UC San Diego

Purpose

To investigate the relationship between macular ganglion cell-inner plexiform layer (mGCIPL) thickness and estimated macular retinal ganglion cell (RGC) counts in glaucoma.

Design

Observational cohort study.

Participants

Cross-sectional study of 77 healthy, 154 glaucoma suspect, and 159 glaucomatous eyes from the Diagnostic Innovations in Glaucoma Study.

Methods

All eyes underwent 24-2 standard automated perimetry (SAP) and optic nerve and macular imaging using high-definition optical coherence tomography (OCT). The total number of RGCs was estimated using a previously described model that uses SAP and OCT circumpapillary retinal nerve fiber layer (cpRNFL) measurements. The number of macular RGCs was estimated from the temporal cpRNFL and SAP test points within the central 10°.

Main outcome measures

The correlation between mGCIPL thickness and estimates of macular RGC counts.

Results

The average estimated macular RGC count in glaucomatous eyes was 306 010 ± 109 449 cells, which was significantly lower than the estimate of 520 678 ± 106 843 cells in healthy eyes (P < 0.001). Glaucomatous eyes had 41% fewer estimated macular RGCs than healthy eyes and suspects had 21% fewer estimated macular RGCs. There was strong correlation between estimated macular RGC counts and mGCIPL thickness (R(2) = 0.67; P < 0.001).
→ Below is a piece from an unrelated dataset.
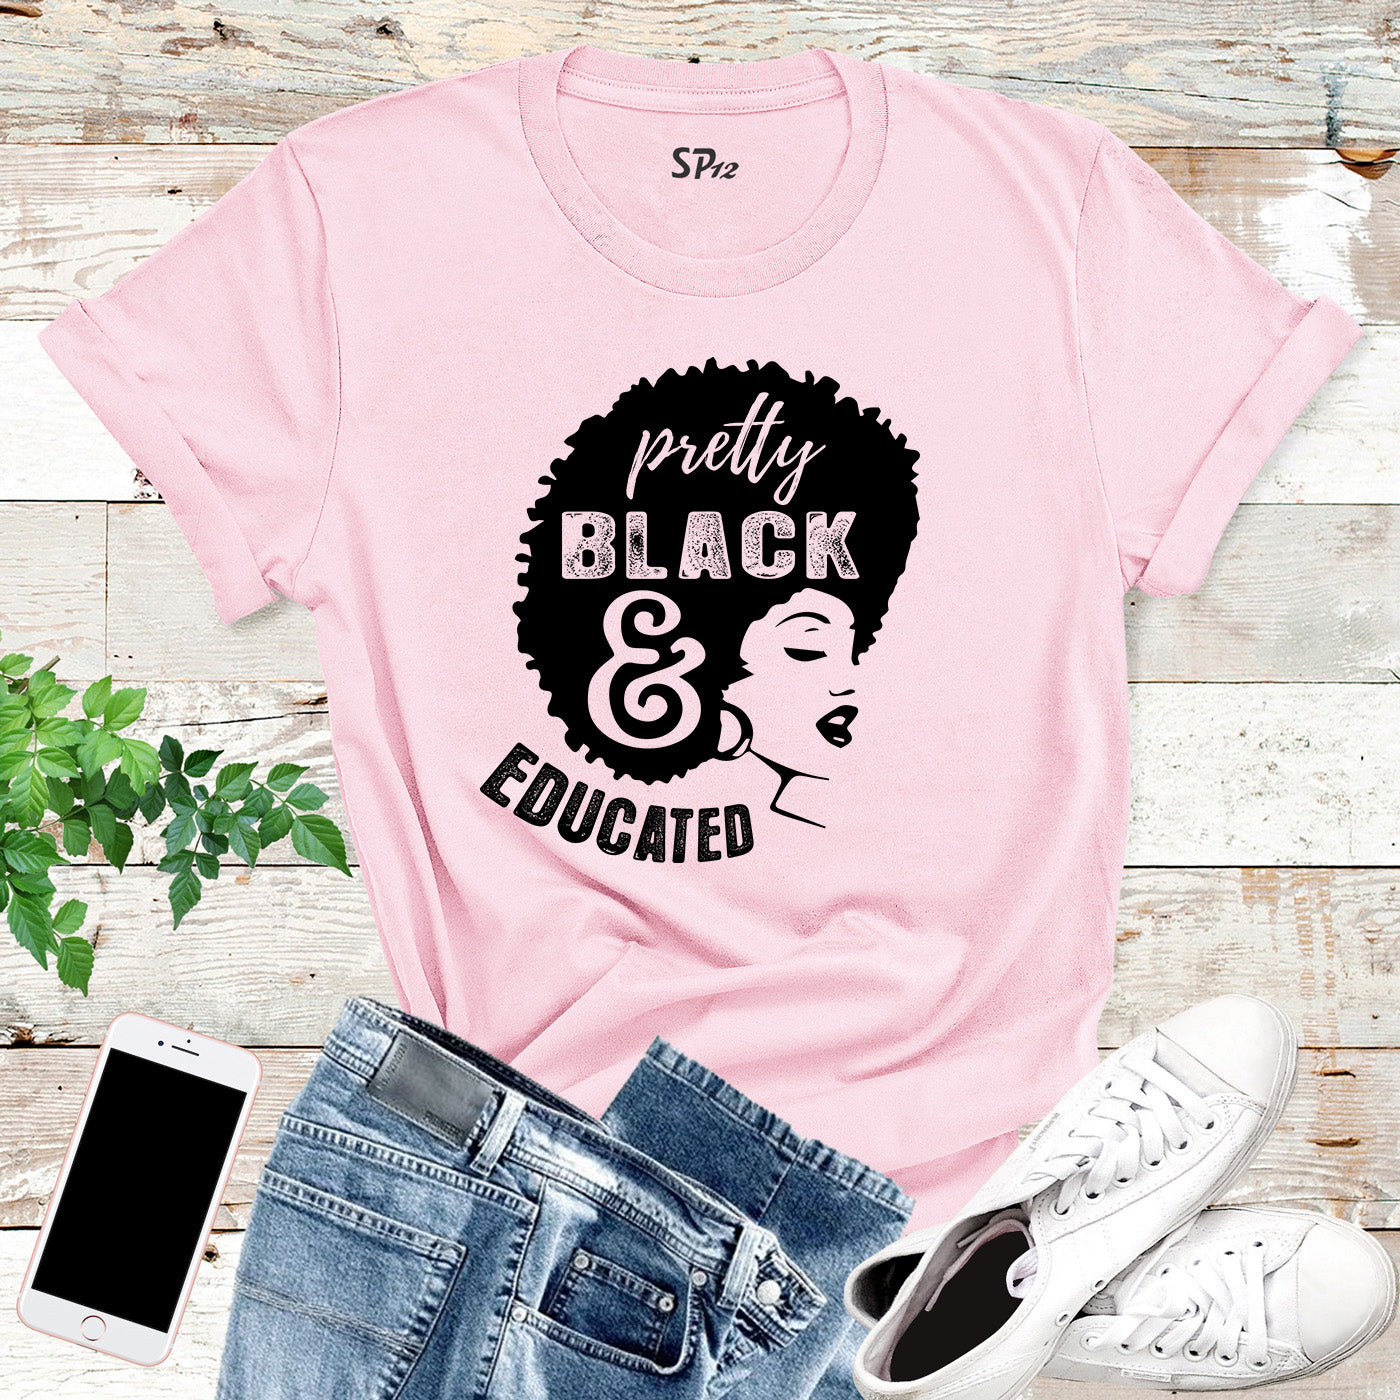 Black Girl Power T Shirt

Macular RGC counts performed better than average mGCIPL thickness in discriminating healthy and glaucomatous eyes with receiver operating characteristic curve areas of 0.873 and 0.775, respectively (P = 0.015).

Conclusions

The strong association between estimated macular RGC counts and mGCIPL thickness and the better diagnostic performance of the macular RGC counts compared with mGCIPL thickness provides further evidence that estimates of RGC number from cpRNFL thickness and SAP sensitivity can be used to assess neural losses in glaucoma.